YOUR INSTRUCTIONS: Beginning with the line where "Diaphragm With Organs" occurs, set down each line of the records through the final one, exactly and without additions.

DATA TO EXAMINE section start

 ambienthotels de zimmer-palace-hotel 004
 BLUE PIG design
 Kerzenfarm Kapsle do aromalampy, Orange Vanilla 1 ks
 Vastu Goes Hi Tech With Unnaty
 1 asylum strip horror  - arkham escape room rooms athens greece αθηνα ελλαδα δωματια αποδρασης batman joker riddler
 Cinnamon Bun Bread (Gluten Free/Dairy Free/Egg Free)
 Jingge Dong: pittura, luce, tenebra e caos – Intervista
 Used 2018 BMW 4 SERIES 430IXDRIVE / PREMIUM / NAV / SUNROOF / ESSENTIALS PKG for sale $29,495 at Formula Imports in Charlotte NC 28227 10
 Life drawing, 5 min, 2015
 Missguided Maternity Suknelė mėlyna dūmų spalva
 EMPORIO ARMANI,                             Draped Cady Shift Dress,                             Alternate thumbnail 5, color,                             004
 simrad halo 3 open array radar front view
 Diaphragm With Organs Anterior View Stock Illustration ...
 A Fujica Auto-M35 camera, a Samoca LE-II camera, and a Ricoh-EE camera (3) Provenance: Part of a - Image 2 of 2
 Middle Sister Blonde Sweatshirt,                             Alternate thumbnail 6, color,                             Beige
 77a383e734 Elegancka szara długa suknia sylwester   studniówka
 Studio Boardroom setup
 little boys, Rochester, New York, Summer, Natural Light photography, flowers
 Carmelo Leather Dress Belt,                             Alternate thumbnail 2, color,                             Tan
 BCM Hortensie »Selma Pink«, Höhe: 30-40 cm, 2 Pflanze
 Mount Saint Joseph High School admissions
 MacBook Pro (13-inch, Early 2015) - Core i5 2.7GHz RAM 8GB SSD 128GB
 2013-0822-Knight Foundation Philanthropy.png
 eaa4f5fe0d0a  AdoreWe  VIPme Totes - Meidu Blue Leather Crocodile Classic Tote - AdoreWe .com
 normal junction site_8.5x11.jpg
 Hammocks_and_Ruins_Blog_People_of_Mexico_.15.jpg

DATA TO EXAMINE section end

OUTPUT OF THE TASK:
 Diaphragm With Organs Anterior View Stock Illustration ...
 A Fujica Auto-M35 camera, a Samoca LE-II camera, and a Ricoh-EE camera (3) Provenance: Part of a - Image 2 of 2
 Middle Sister Blonde Sweatshirt,                             Alternate thumbnail 6, color,                             Beige
 77a383e734 Elegancka szara długa suknia sylwester   studniówka
 Studio Boardroom setup
 little boys, Rochester, New York, Summer, Natural Light photography, flowers
 Carmelo Leather Dress Belt,                             Alternate thumbnail 2, color,                             Tan
 BCM Hortensie »Selma Pink«, Höhe: 30-40 cm, 2 Pflanze
 Mount Saint Joseph High School admissions
 MacBook Pro (13-inch, Early 2015) - Core i5 2.7GHz RAM 8GB SSD 128GB
 2013-0822-Knight Foundation Philanthropy.png
 eaa4f5fe0d0a  AdoreWe  VIPme Totes - Meidu Blue Leather Crocodile Classic Tote - AdoreWe .com
 normal junction site_8.5x11.jpg
 Hammocks_and_Ruins_Blog_People_of_Mexico_.15.jpg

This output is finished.